• INSTRUCTIONS TO FOLLOW: When you reach the line below that has "Kaktus ohne Stacheln", start returning lines exactly, and stop after the line that has "Villa Casa de"; skip the pictures.

• GIVEN INFORMATION:
+++++

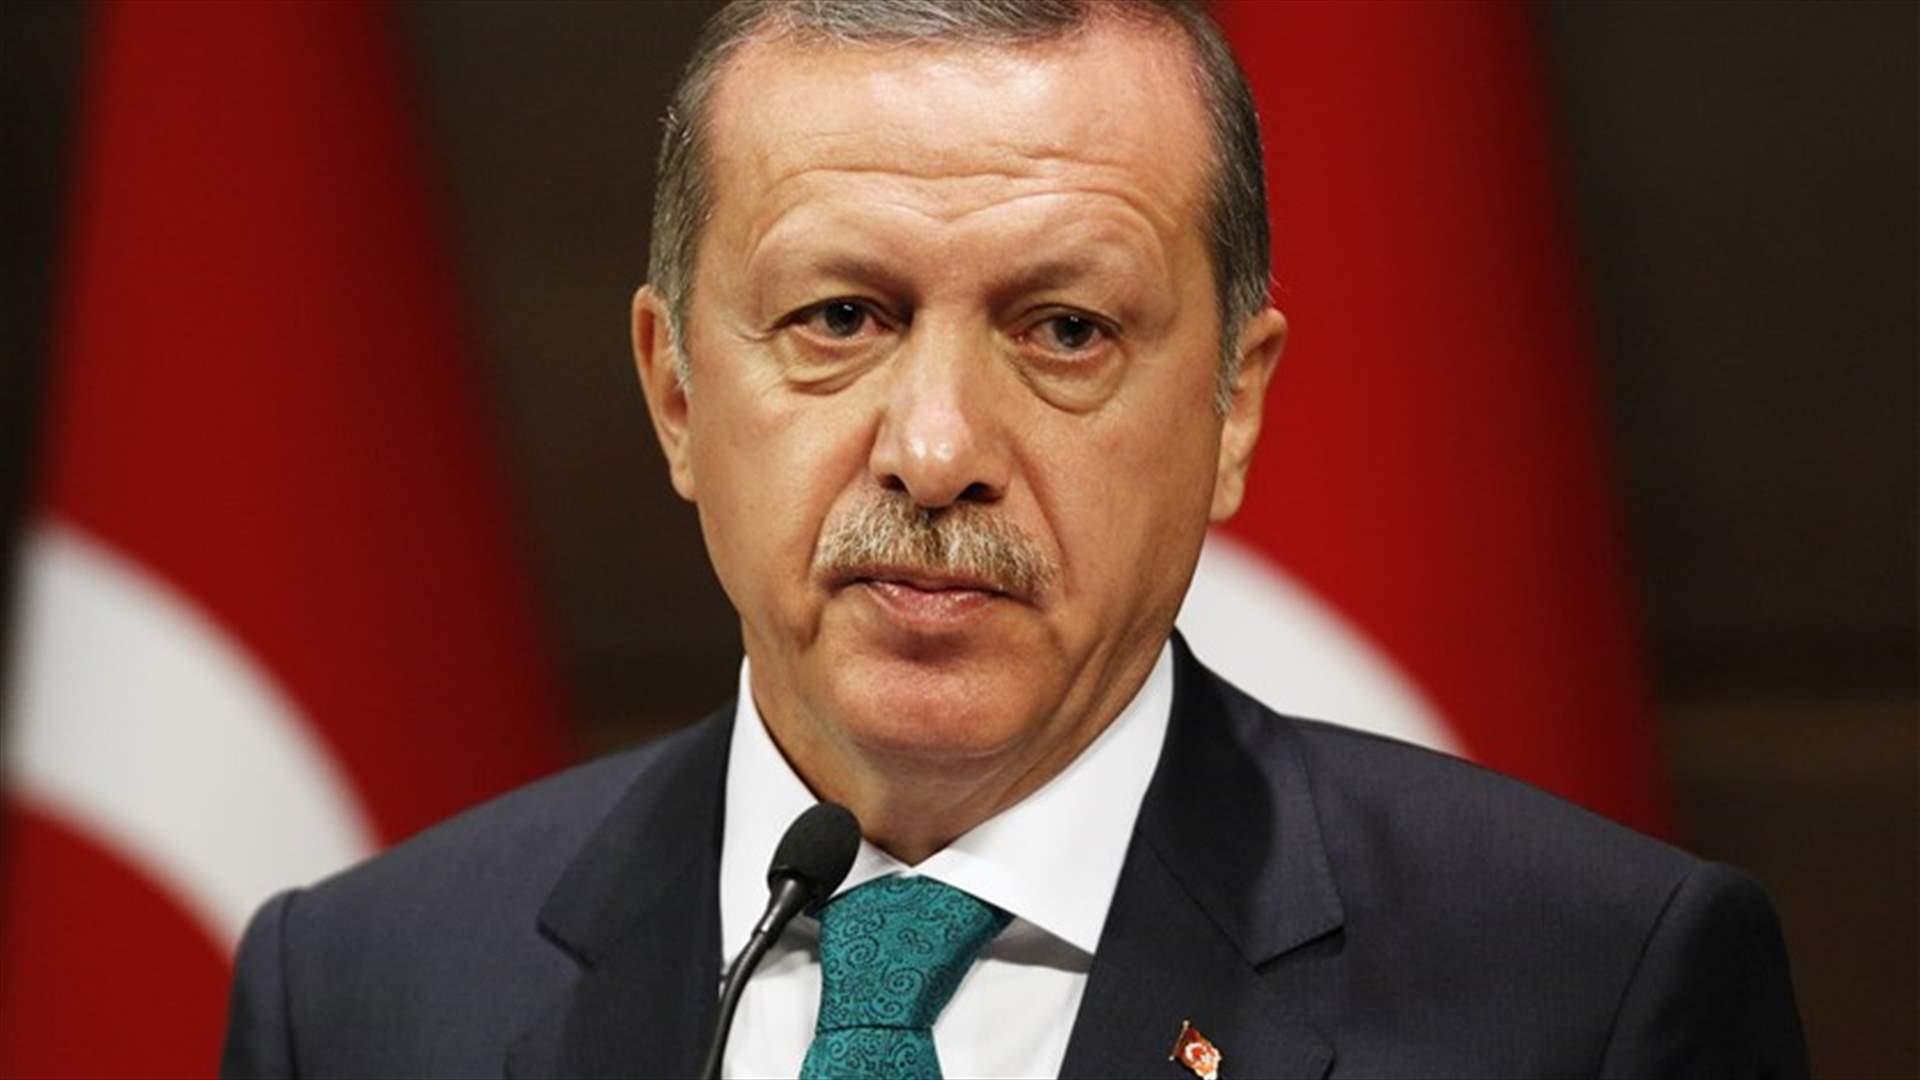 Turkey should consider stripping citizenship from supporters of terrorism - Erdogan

+++++

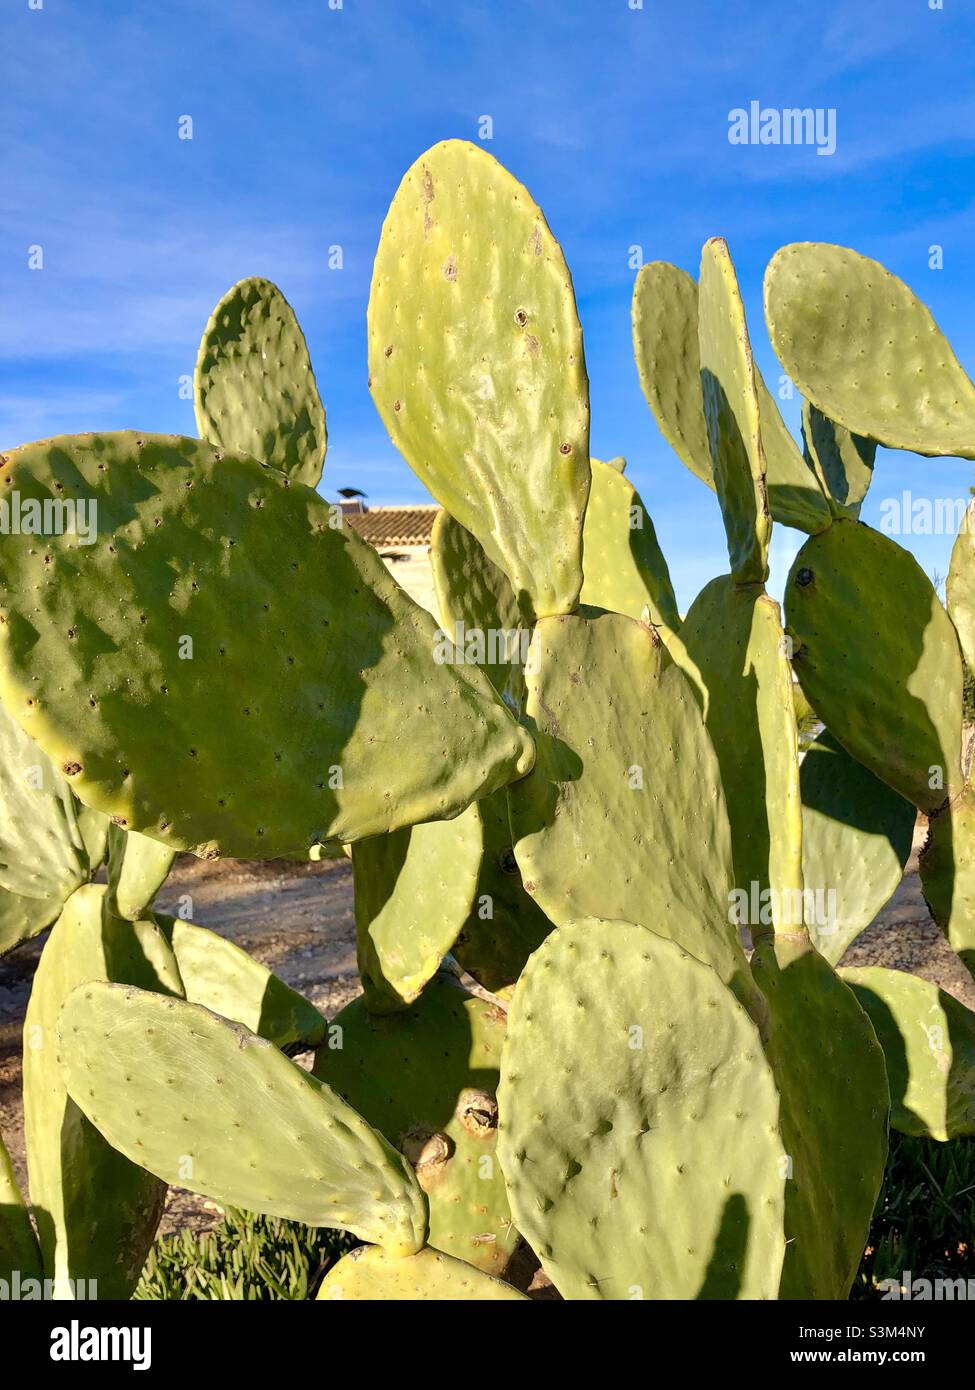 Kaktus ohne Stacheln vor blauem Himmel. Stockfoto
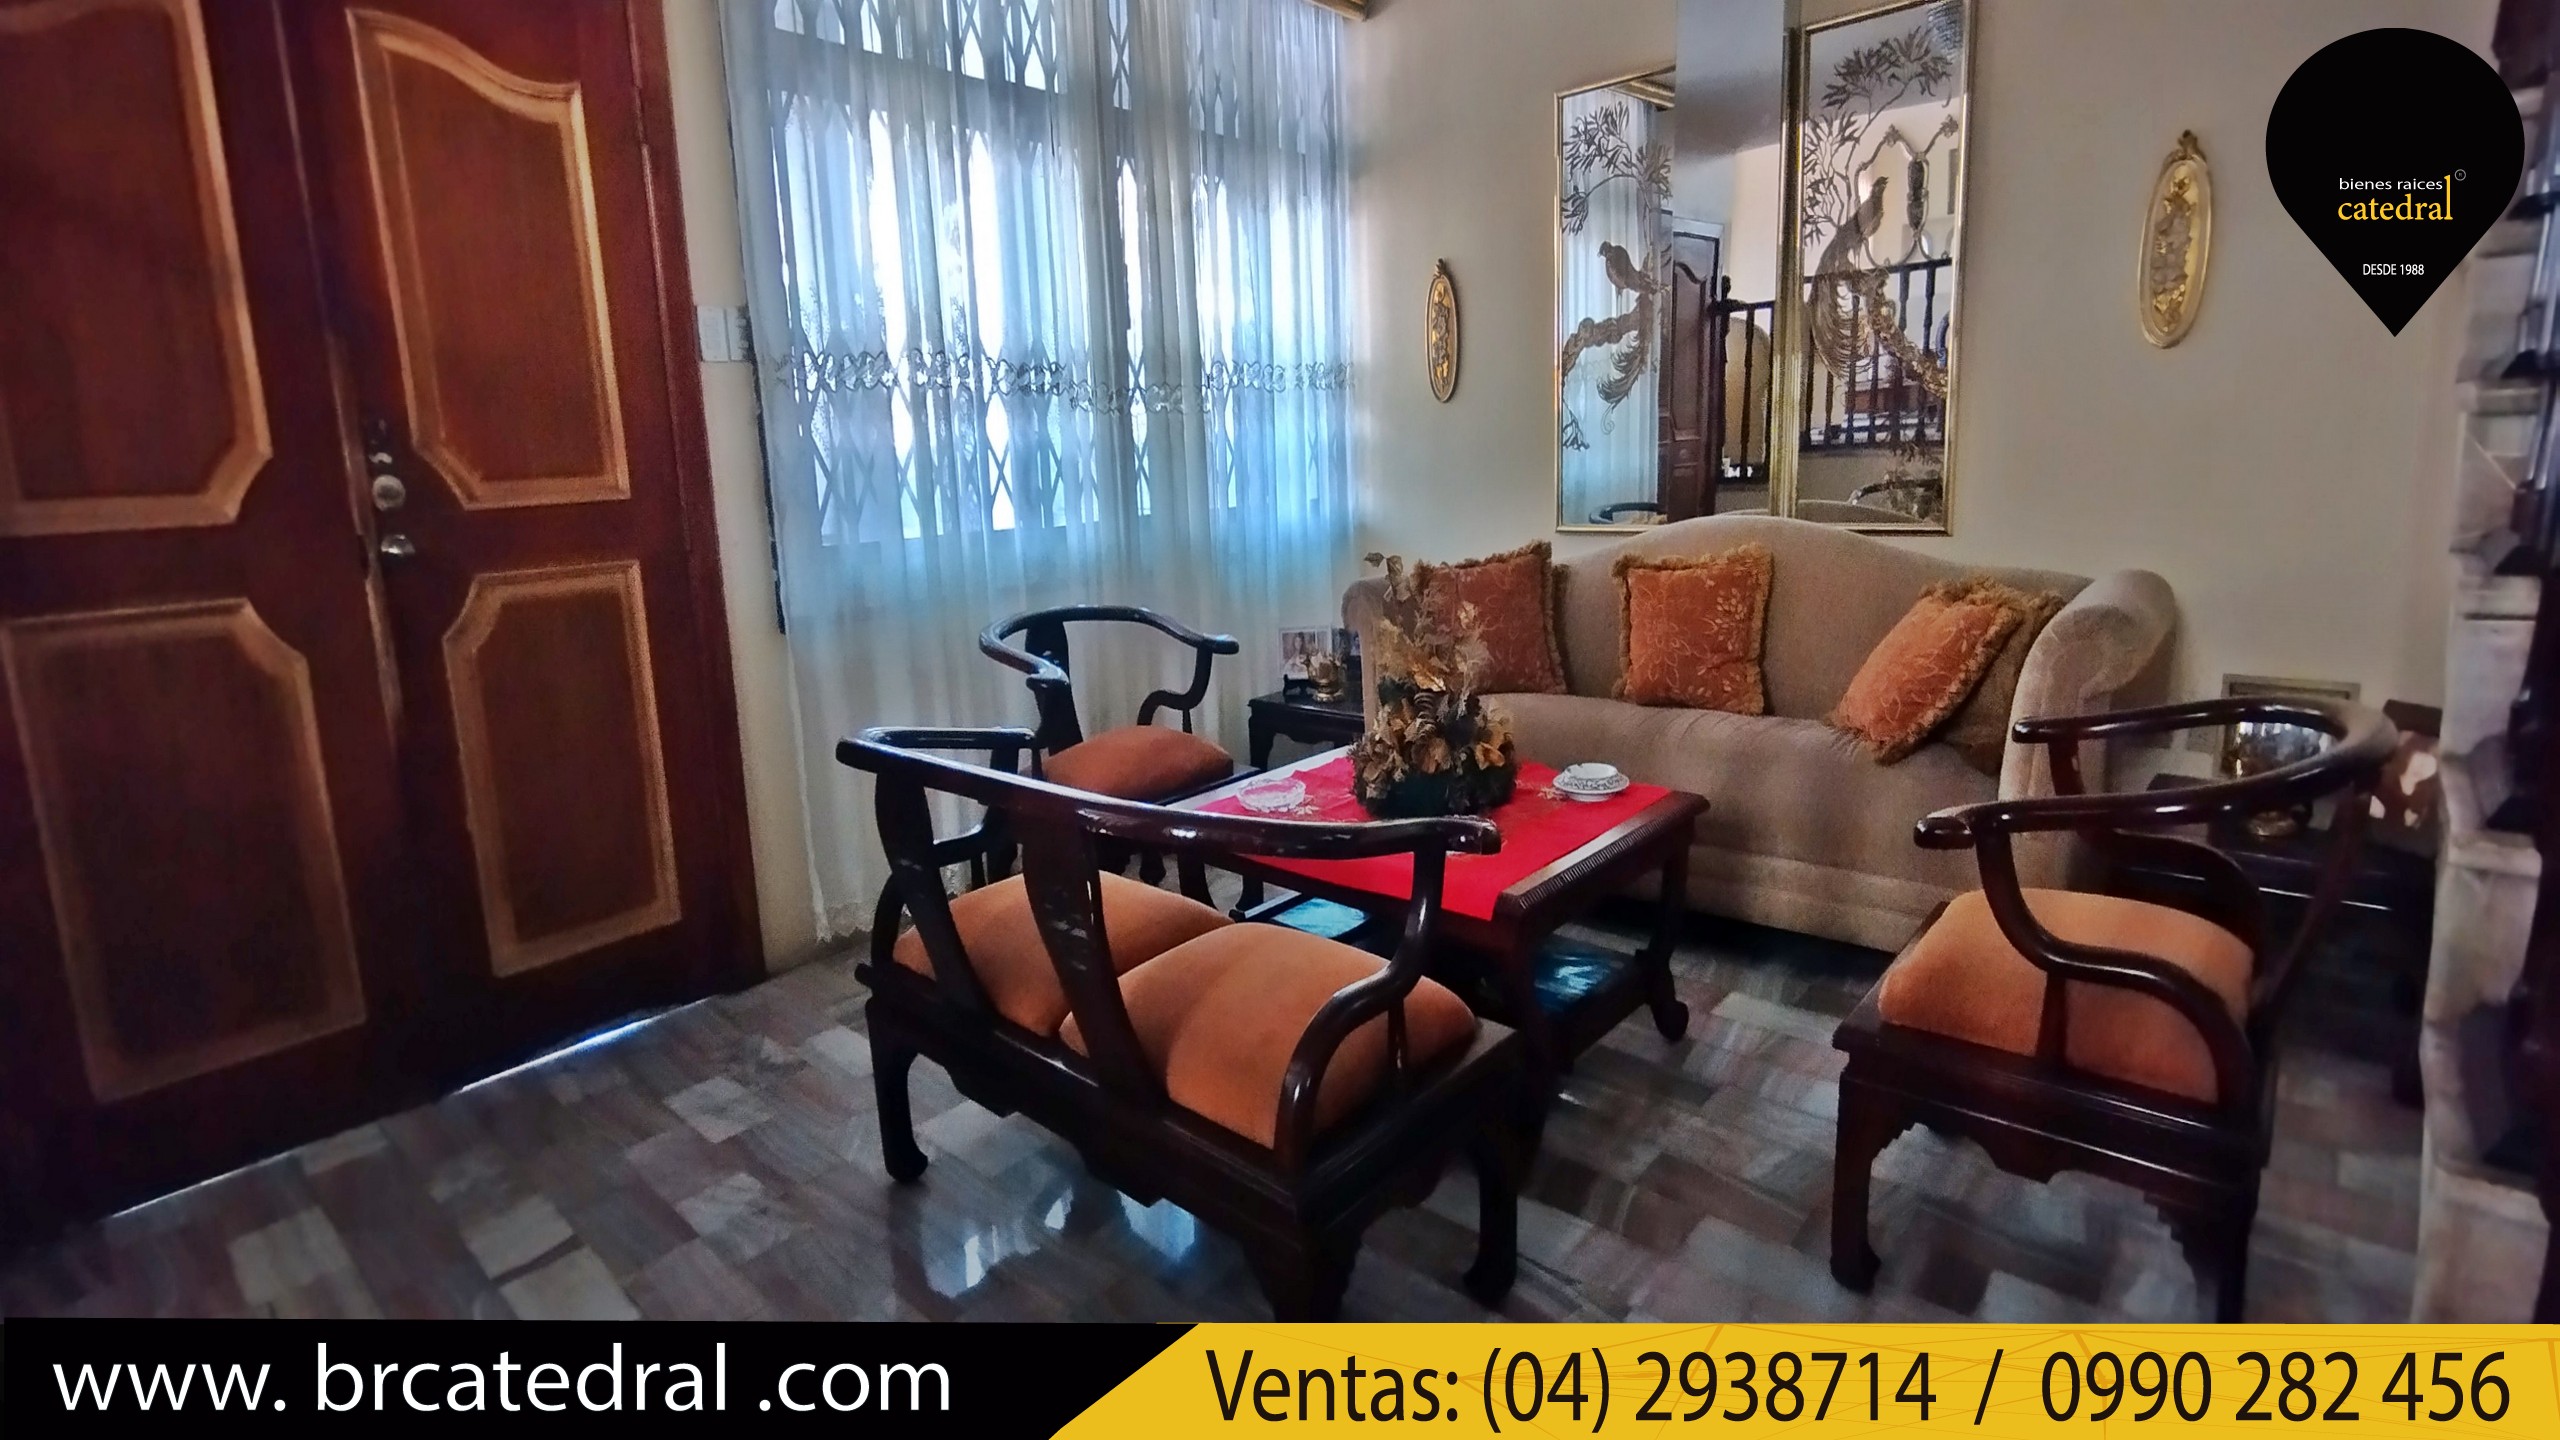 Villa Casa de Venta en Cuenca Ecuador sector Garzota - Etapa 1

+++++

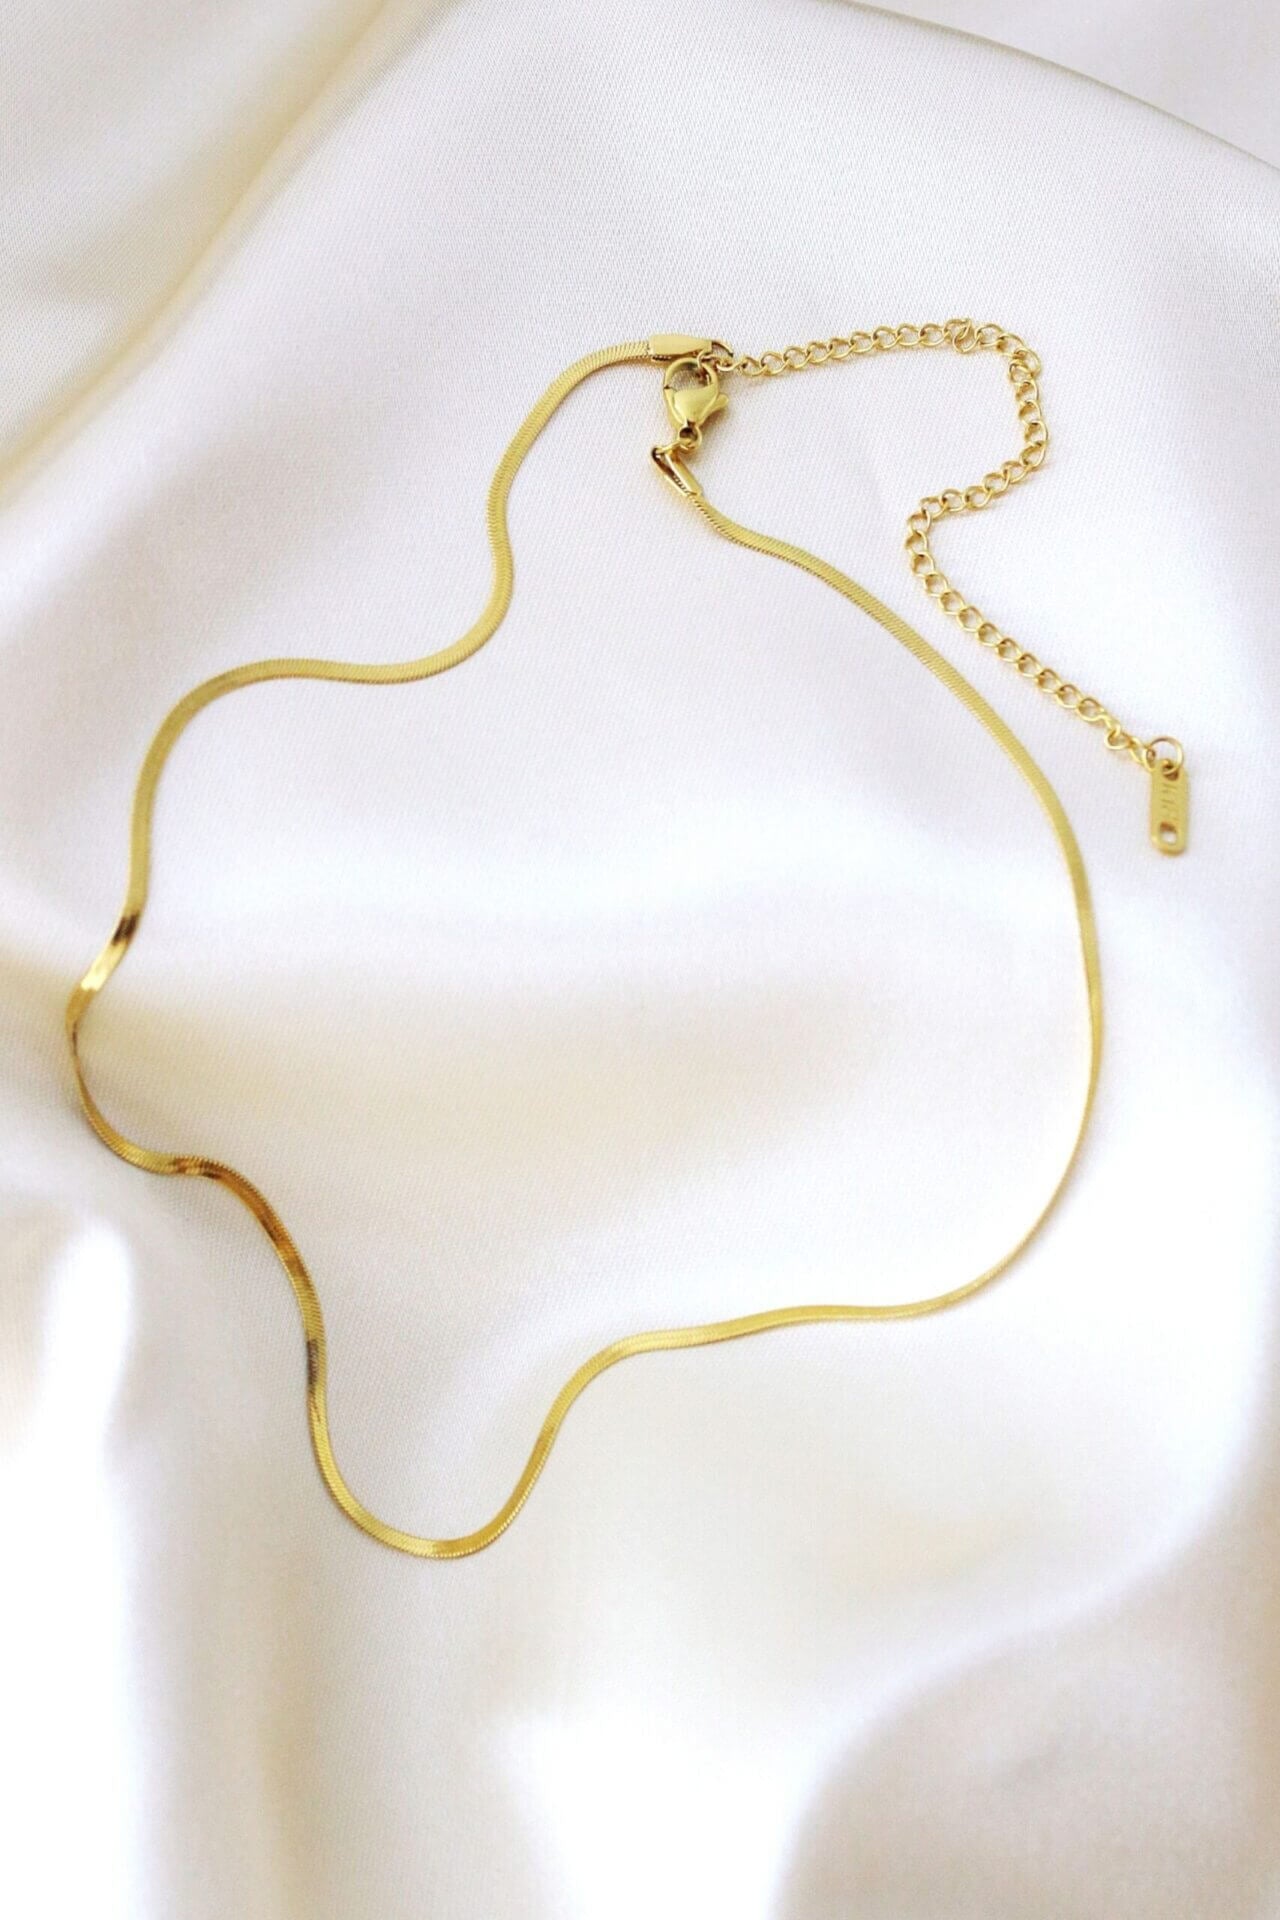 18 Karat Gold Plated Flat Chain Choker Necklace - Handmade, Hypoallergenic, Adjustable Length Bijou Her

+++++

• ANSWER TO THE EXERCISE:
 Kaktus ohne Stacheln vor blauem Himmel. Stockfoto
 Villa Casa de Venta en Cuenca Ecuador sector Garzota - Etapa 1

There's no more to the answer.